Cite as: http://hdl.handle.net/21.11116/0000-0007-B28E-0
Abstract
In the present work the light-activated proton transfer reactions of sensory rhodopsin II from Natronobacterium pharaonis (pSRII) and those of the channel-mutants D75N-pSRII and F86D-pSRII are investigated using flash photolysis and black lipid membrane (BLM) techniques. Whereas the photocycle of the F86D-pSRII mutant is quite similar to that of the wild-type protein, the photocycle of D75N-pSRII consists of only two intermediates. The addition of external proton donors such as azide, or in the case of F86D-pSRII, imidazole, accelerates the reprotonation of the Schiff base, but not the turnover. The electrical measurements prove that pSRII and F86D-pSRII can function as outwardly directed proton pumps, whereas the mutation in the extracellular channel (D75N-pSRII) leads to an inwardly directed transient current.
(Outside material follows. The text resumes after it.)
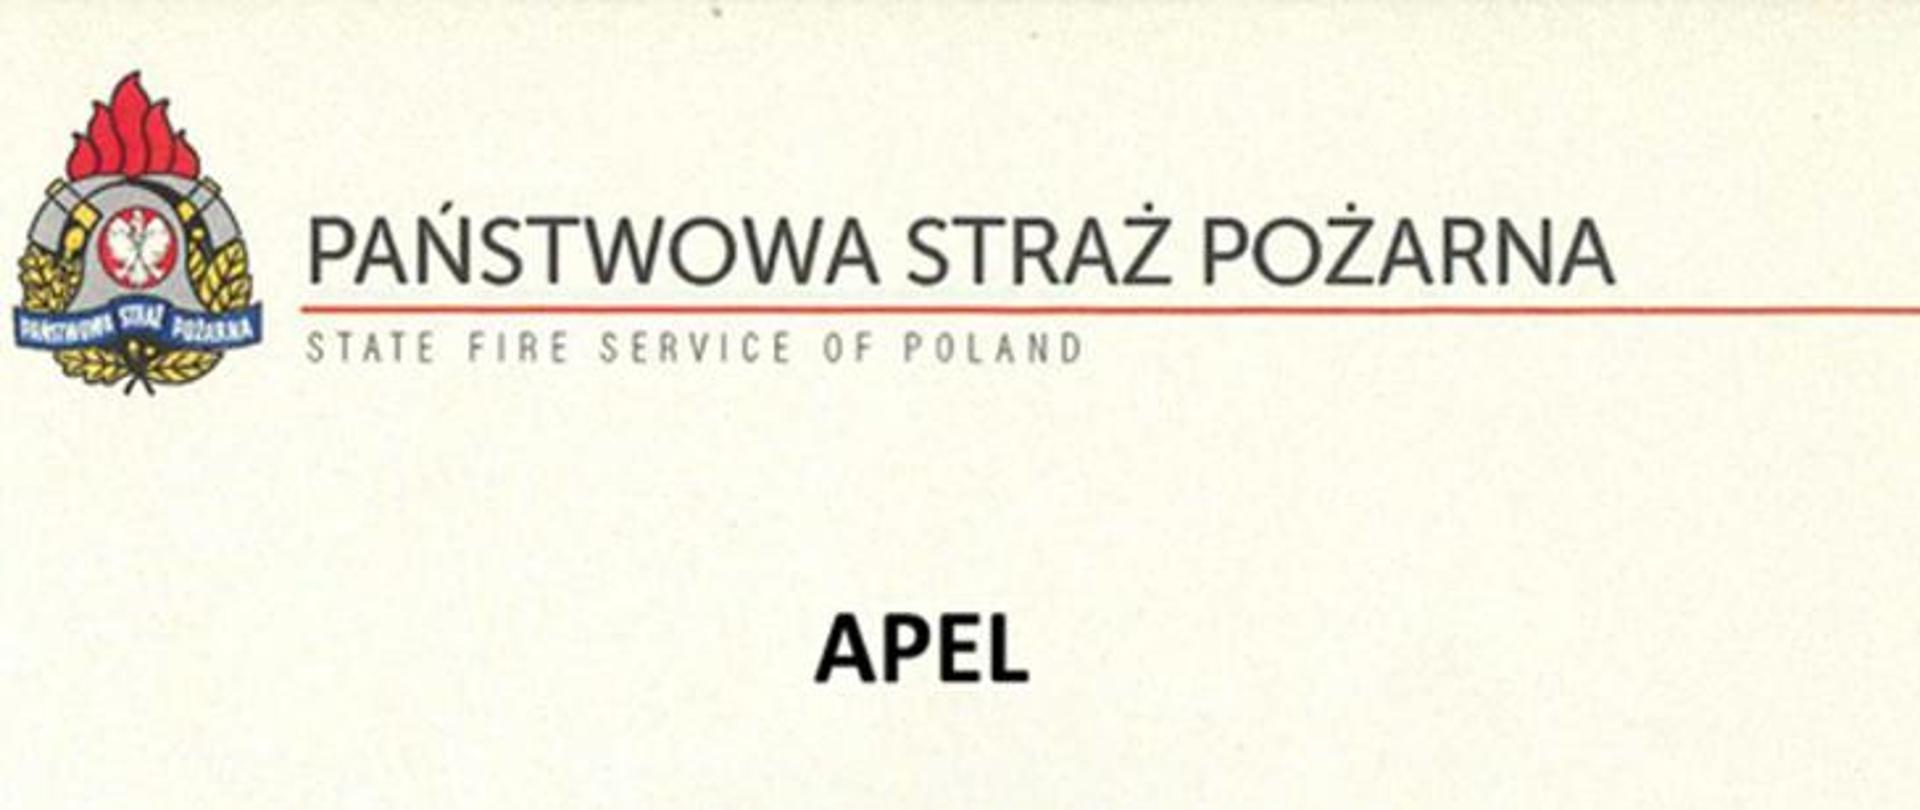 Zdjęcie przedstawia logo PSP oraz napis APEL

The almost negligible size of the photostationary current is explained by the long-lasting photocycle of about a second. Although the M decay, but not the photocycle turnover, of pSRII and F86D-pSRII is accelerated by the addition of azide, the photostationary current is considerably increased. It is discussed that in a two-photon process a late intermediate (N- and/or O-like species) is photoconverted back to the original resting state; thereby the long photocycle is cut short, giving rise to the large increase of the photostationary current. The results presented in this work indicate that the function to generate ion gradients across membranes is a general property of archaeal rhodopsins.